GOAL OF THE EXERCISE: Retype all of the listing exactly, passing over any picture you find.
--- DATA BLOCK ---
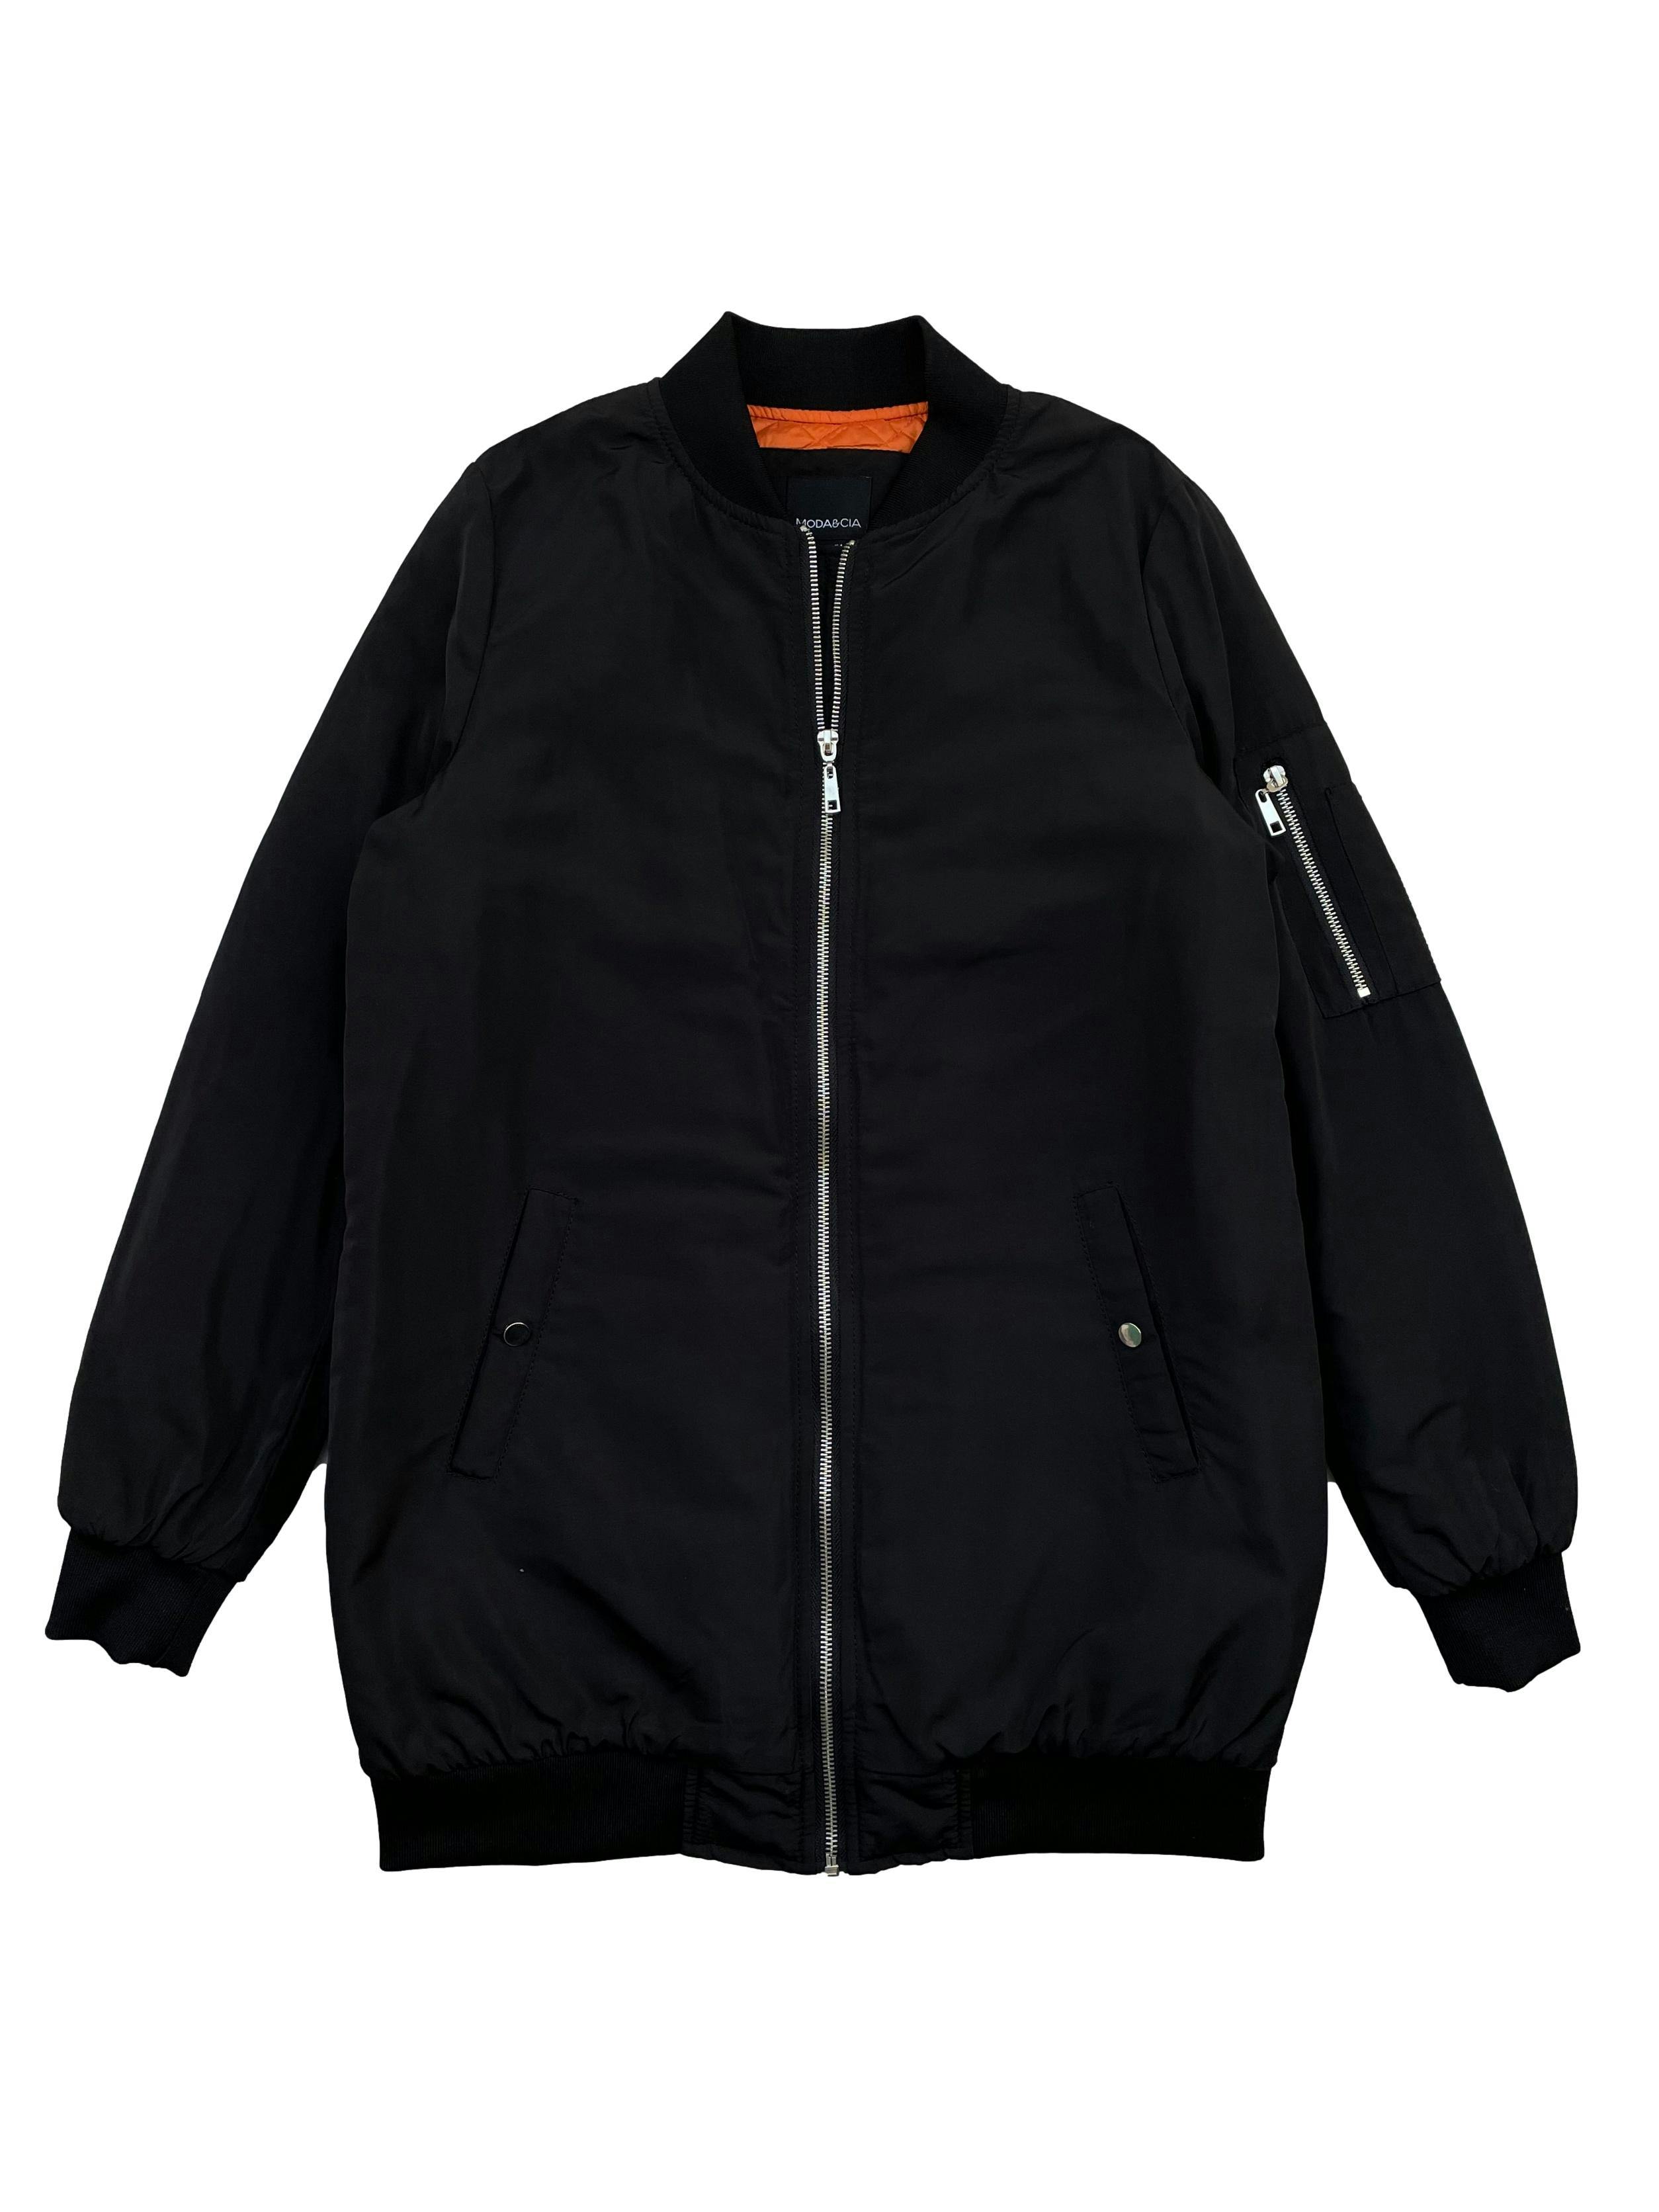 Bomber jacket Moda&Cia negra con forro naranja, ligeramente acolchada, cierre frontal , dos bolsillos delanteros y un bolsillo con cierre en el brazo. Busto 102cm , Largo 75cm. Precio original S/ 399
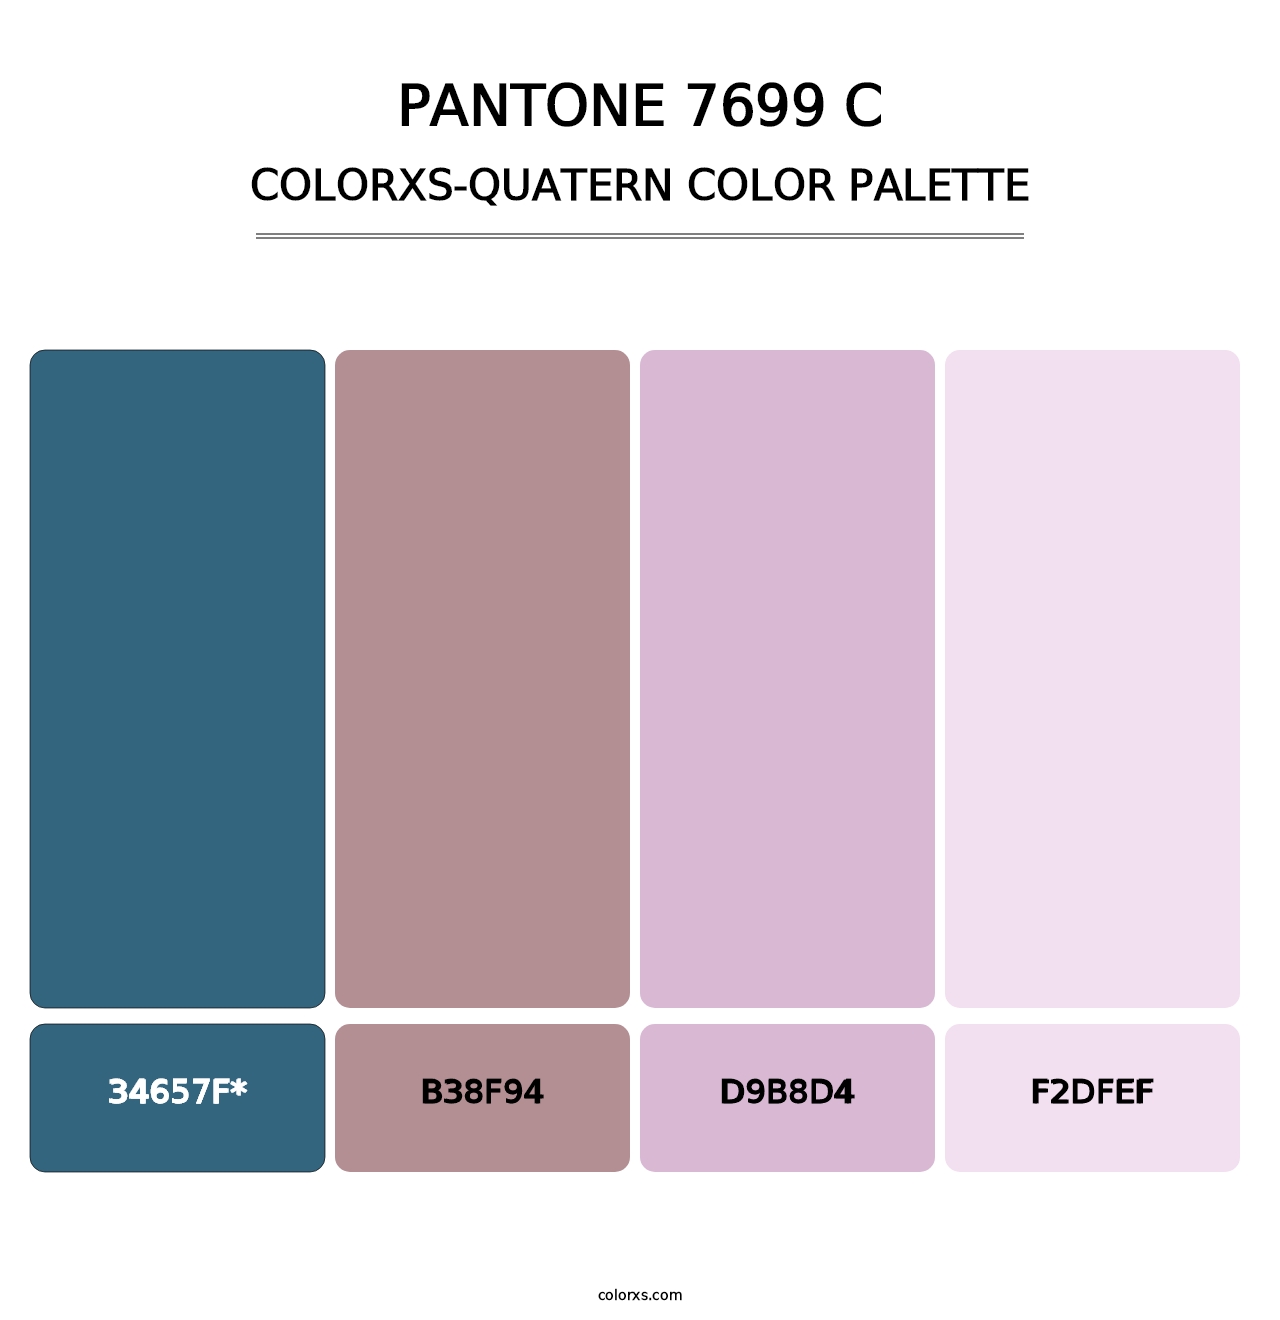 PANTONE 7699 C - Colorxs Quatern Palette
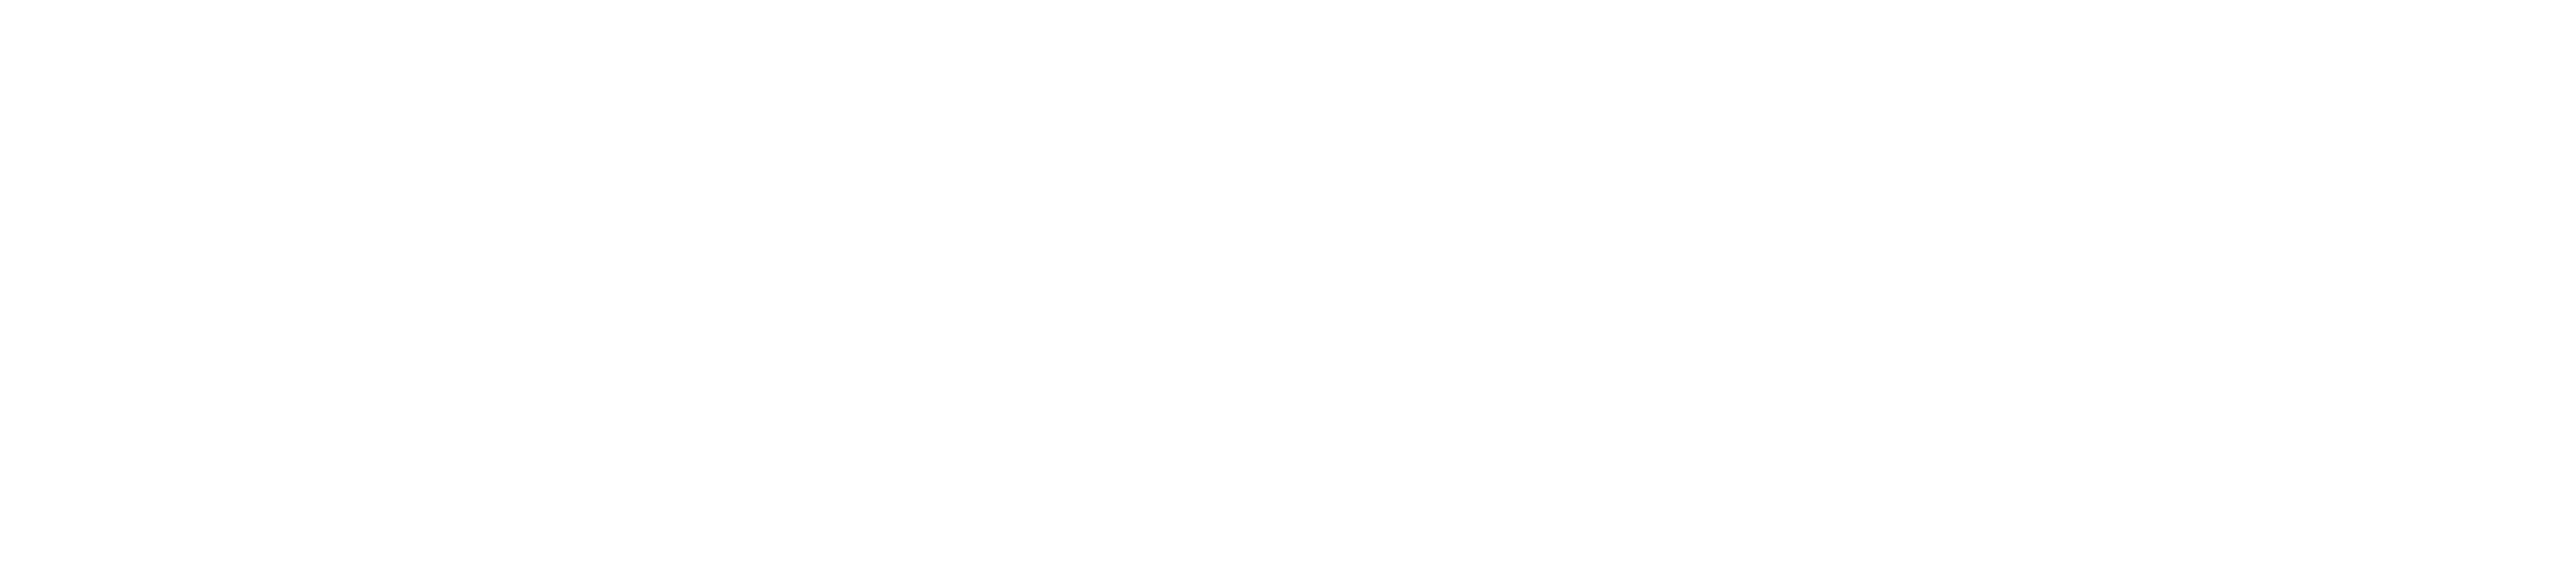 Zalaegerszegi Ady Endre Általános Iskola, Gimnázium és Alapfokú Művészeti Iskola
---
PROBLEM SOLUTION:
 Bomber jacket Moda&Cia negra con forro naranja, ligeramente acolchada, cierre frontal , dos bolsillos delanteros y un bolsillo con cierre en el brazo. Busto 102cm , Largo 75cm. Precio original S/ 399
 PANTONE 7699 C - Colorxs Quatern Palette
 Zalaegerszegi Ady Endre Általános Iskola, Gimnázium és Alapfokú Művészeti Iskola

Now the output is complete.